Washington, DC, March 12, 2014 (MACP) — This past week, Morocco’s King Mohammed VI concluded a three-week trip in Africa which began in Mali and continued to Cote d’Ivoire, Guinea, and Gabon. The King demonstrated Morocco’s leadership in South-South cooperation by presiding over the signing of more than 80 bilateral agreements on trade, agriculture, water, energy, industry, job training, and other sectors by members of the Moroccan delegation—including government and private sector representatives—and their Malian, Ivorian, Guinean, and Gabonese counterparts. The trip has been deemed a diplomatic success by African and other international observers and drew praise from the US.

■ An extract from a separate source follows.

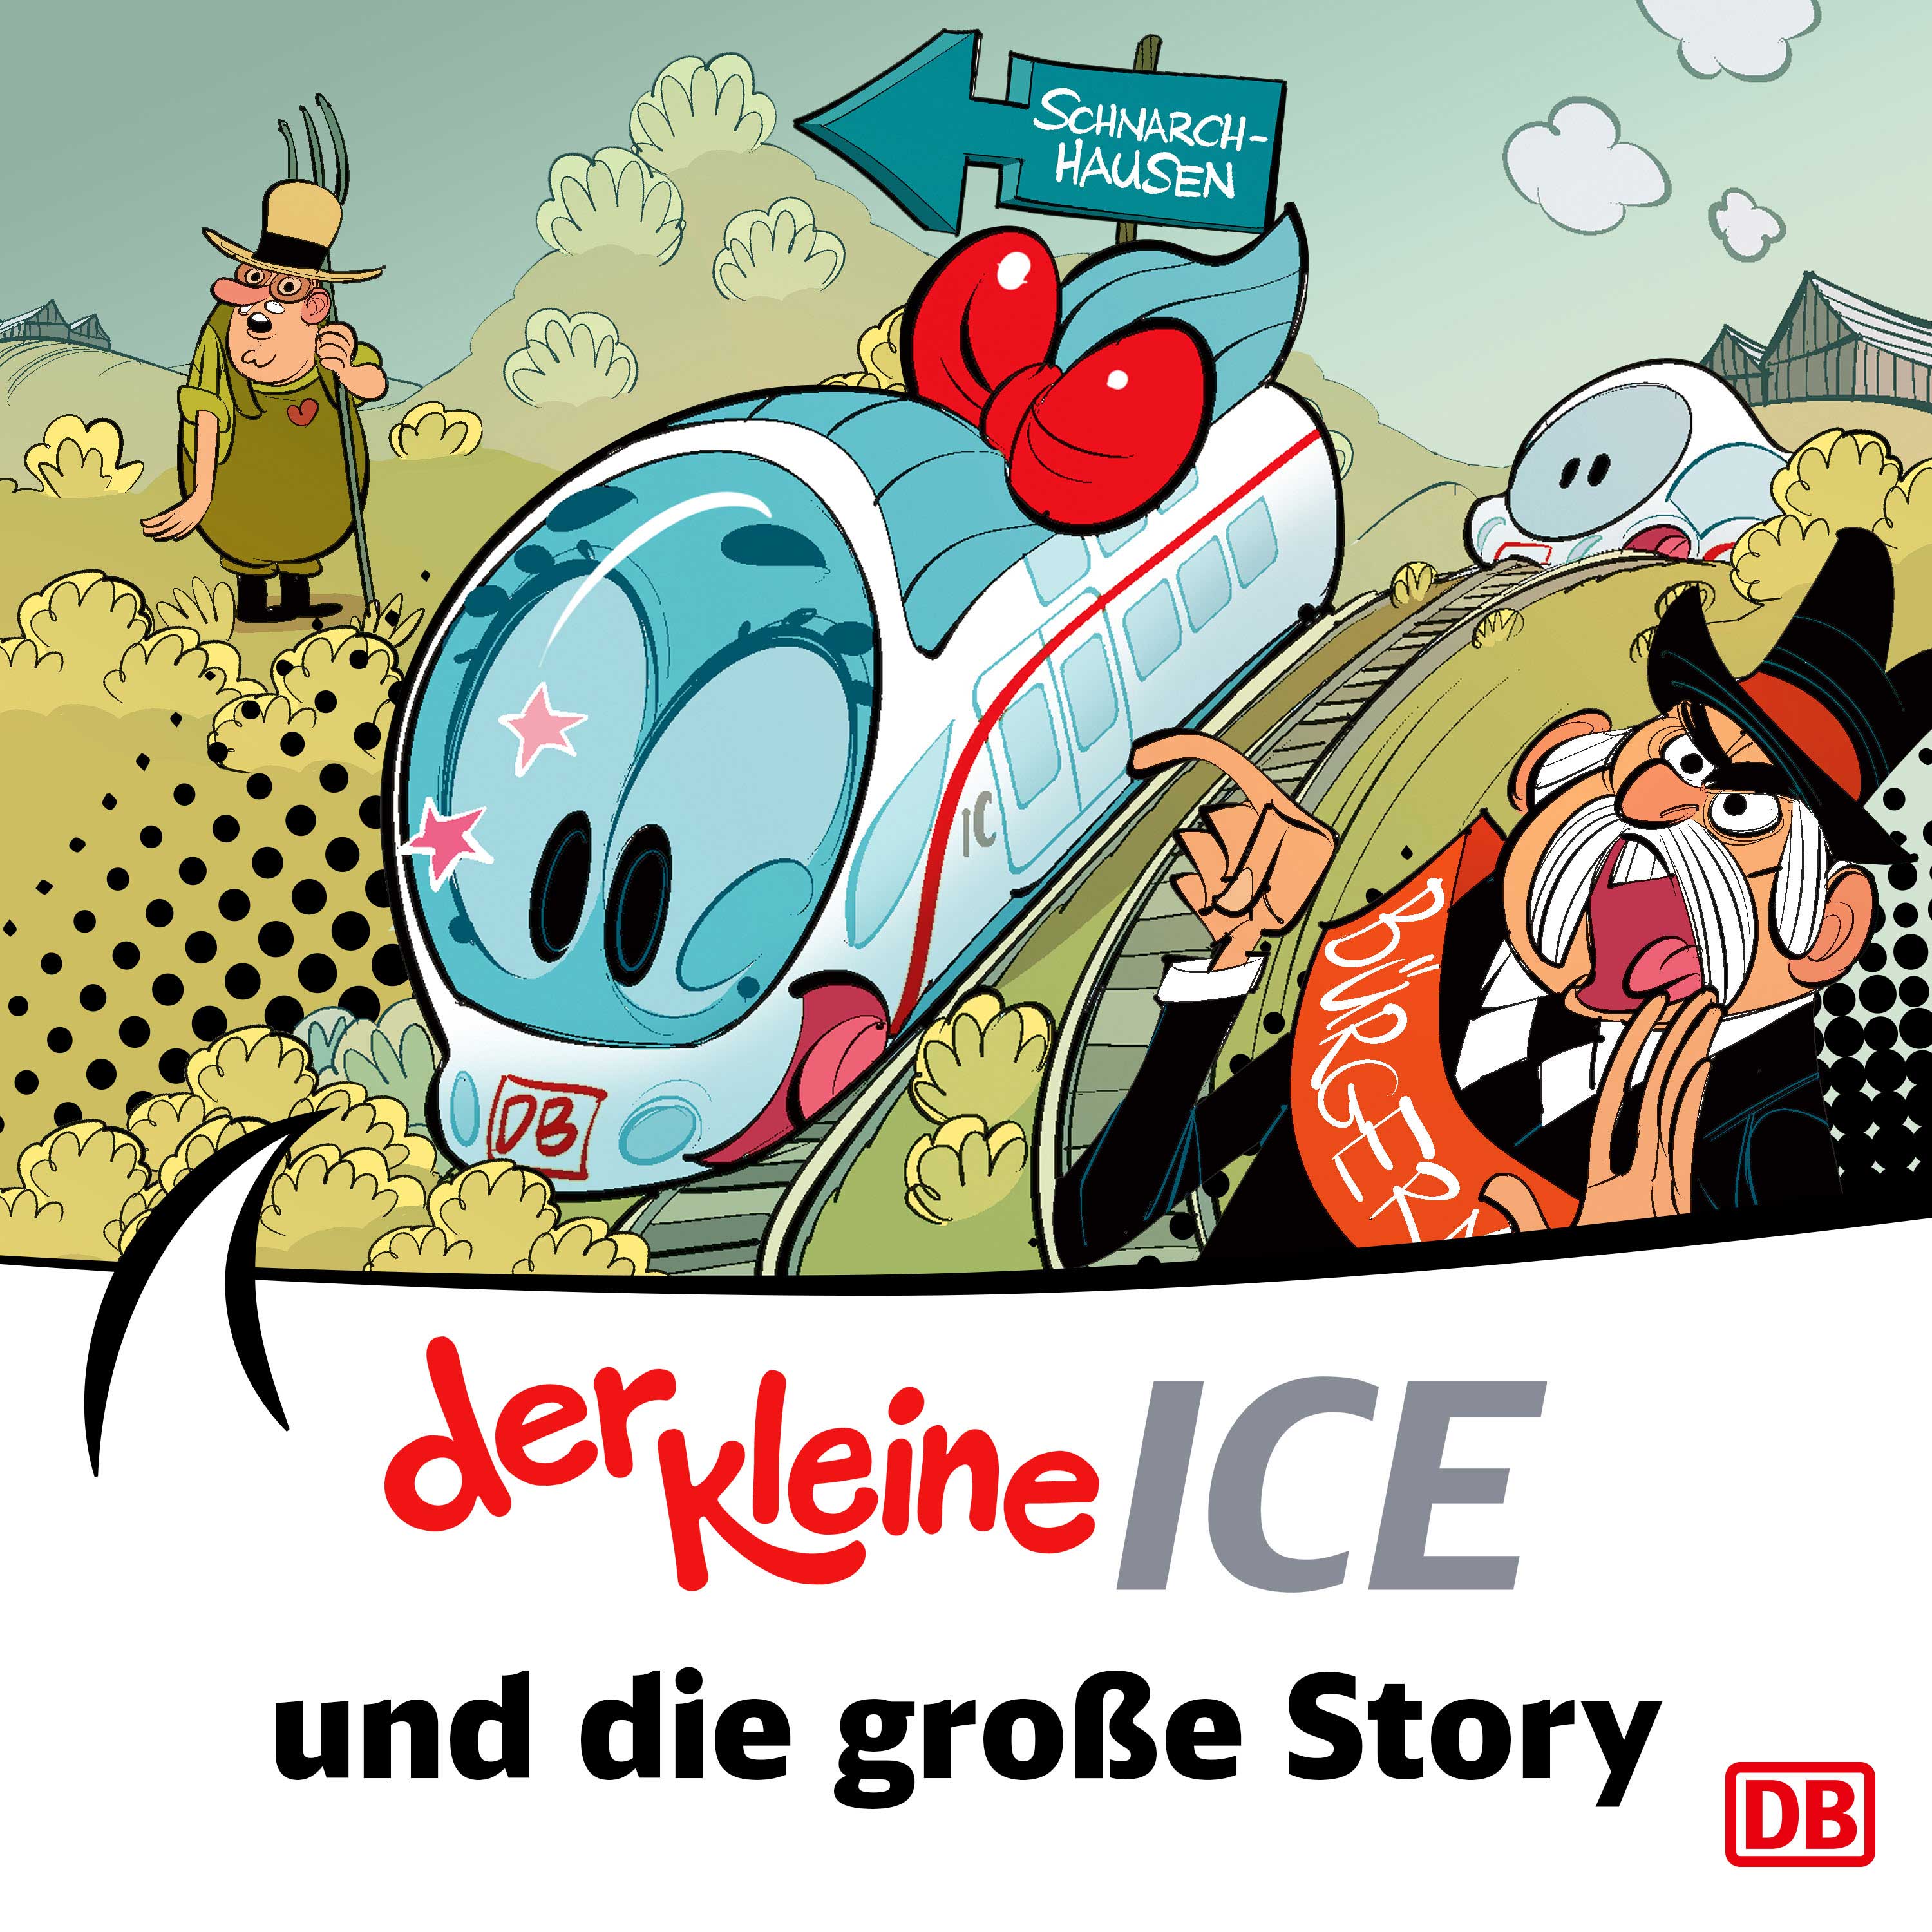 Der kleine ICE - Die große Story

“Morocco is showing the way within the framework of an approach that doesn’t recognize artificial differences between North and Sub-Saharan Africa,” said Ambassador Michael Battle, US Department of State, at a recent roundtable of African Ambassadors at the National Press Club. Battle, senior advisor to the upcoming August 3-5 US-Africa Leaders Summit in Washington, said, “Morocco is setting the pace by showing how African countries which are prosperous can be responsive to African countries which are in the process of becoming prosperous.”
In Mali, the King and President Ibrahim Boubacar Keita presided over the signing of 17 bilateral cooperation agreements. This was the second Mali visit in less than six months for the King, whose September trip to Bamako resulted in an agreement to send 500 Malian imams to Morocco for training in using Morocco’s moderate Islam to help fight the spread of extremism. The first 100 imams have already begun their training.
In Cote d’Ivoire, the King delivered a keynote speech at the first-ever Moroccan-Ivorian Economic Forum in Abidjan, where he stated that “a vibrant, developed Africa is not merely a dream for tomorrow; it can be a reality today, provided we take action,” and that “Africa should learn to trust Africa.” The Moroccan delegation and their Ivorian counterparts signed 26 bilateral cooperation agreements that included plans to build 8,000 new affordable housing units in Abidjan.
In Guinea, the King and President Alpha Condé chaired the signing of 21 bilateral cooperation agreements and inaugurated a new “Moulins de l’Afrique” flour mill, a joint 30-milllion-Euro Morocco-Guinea venture that will create hundreds of jobs. In a joint statement, Guinea and Morocco called for deploying a strengthened UN peacekeeping force in the Central African Republic, where Morocco has already provided military support to help stabilize the country. In addition, President Condé expressed Guinea’s continuing support for Morocco’s autonomy initiative to end the Western Sahara conflict. Morocco received backing on the Sahara issue on the other three legs of the tour as well.
At his final stop, King Mohammed VI and Gabonese President Ali Bongo Ondimba presided over the signing of 24 bilateral agreements. They also launched a strategic partnership to build, with Morocco’s Office Cherifien de Phosphate (OCP), facilities in Gabon and Morocco to produce fertilizer that will significantly increase agricultural output and food security in neighboring countries.
“King Mohammed’s Africa tour delivered on Morocco’s commitment to help build a strong, united, and prosperous future for the continent,” said former US Ambassador to Morocco Edward M. Gabriel. “In deeds as well as words, Morocco and its partners have shown they are serious about ‘Africa working with Africa’ to overcome its challenges and chart a bright new course forward — together.”